In total, we conducted 13 trials on the two databases, six on the WMD, and seven on the PBD (Table 1). The first WMD trial included building a classifier for Mysticete , Odontocete , and Pinniped . For the remaining five trials, we created subsets of the WMD and ran classifiers for: three Mysticete (Balaenidae ,Balaenopteridae , and Eschrichtiidae ) and fourOdontocete families (Delphinidae , Monodontidae ,Phocoenidae , and Physteridae ); threeBalaenopteridae species (minke, fin, and humpback whales), 14Delphinidae species (see Appendix S1 for a complete list); and three distinct orca populations. Species with less than 100 samples were removed from the analysis.

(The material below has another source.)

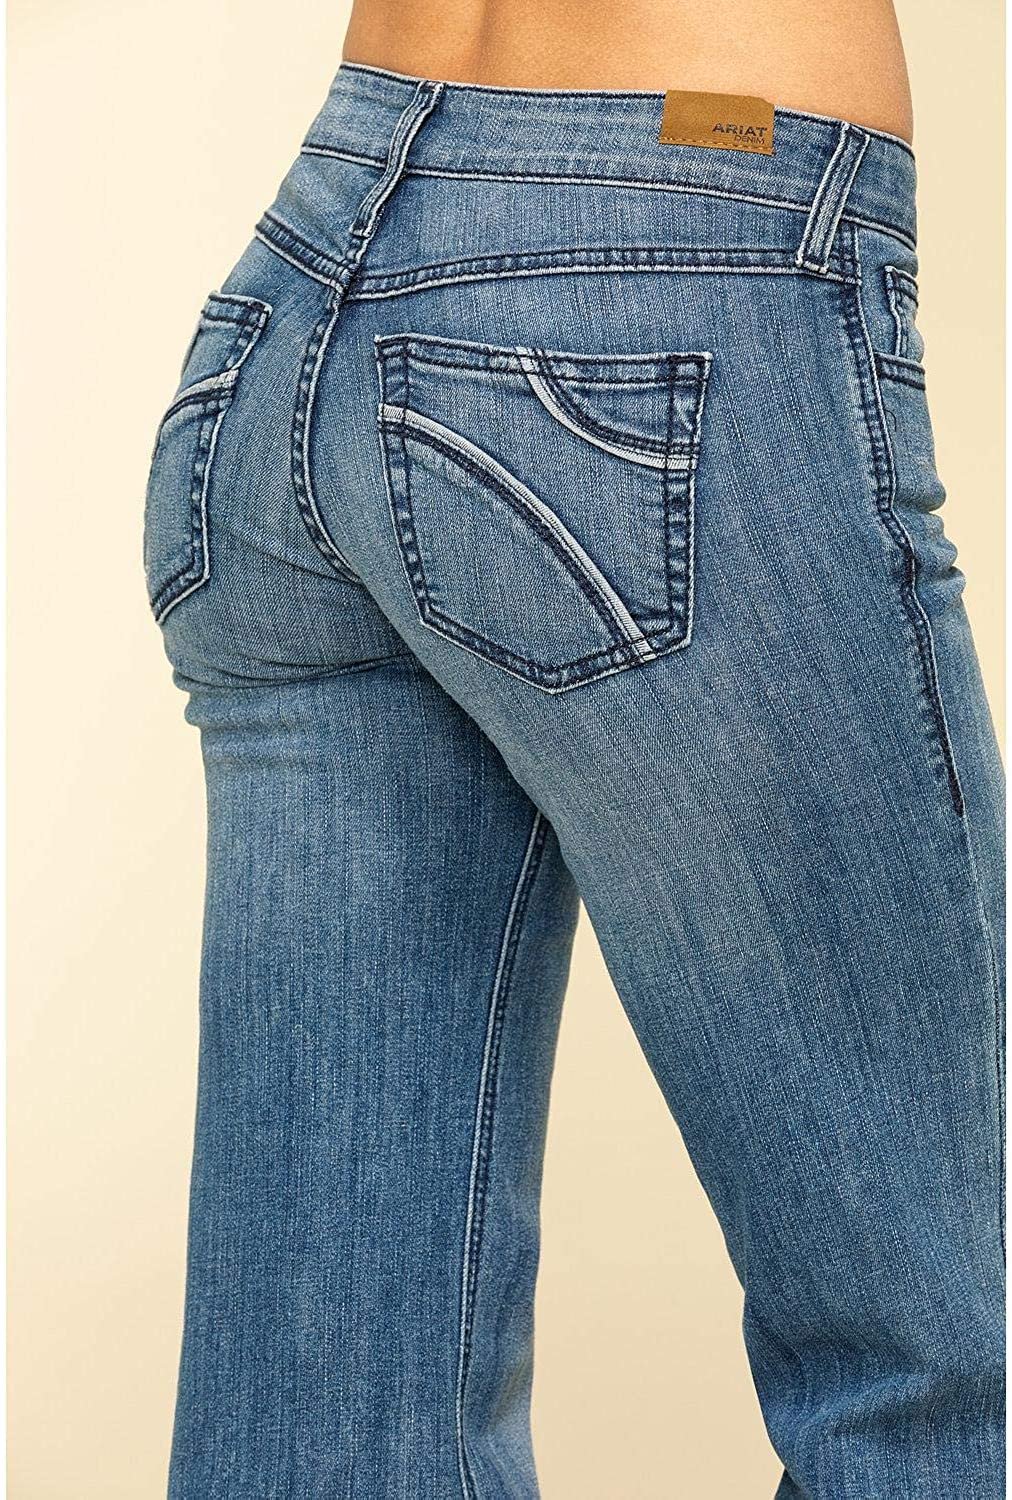 savanna moon jeans

Trials on the PBD labels proceeded as follows: i) classification of hydrophone locations (i.e., Burin and Red Island); classification of anthropogenic noise sources, including ii-iii) seismic airguns and iv-v) ships; and presence of humpback whales using vi) the two UMAP dimensions and vii) the 128 acoustic features, respectively. Presences represented a very small fraction of the PBD (<0.003 %), leading to high class imbalance. We used two strategies to reduce class imbalance: we selected a subset of the PBD containing only hours with at least ten presences (this reduced the PBD dataset to 19 hours of PAM recordings); and then implemented a balanced random forest classifier (Lemaître et al., 2017) in place of the model used for the previous trials.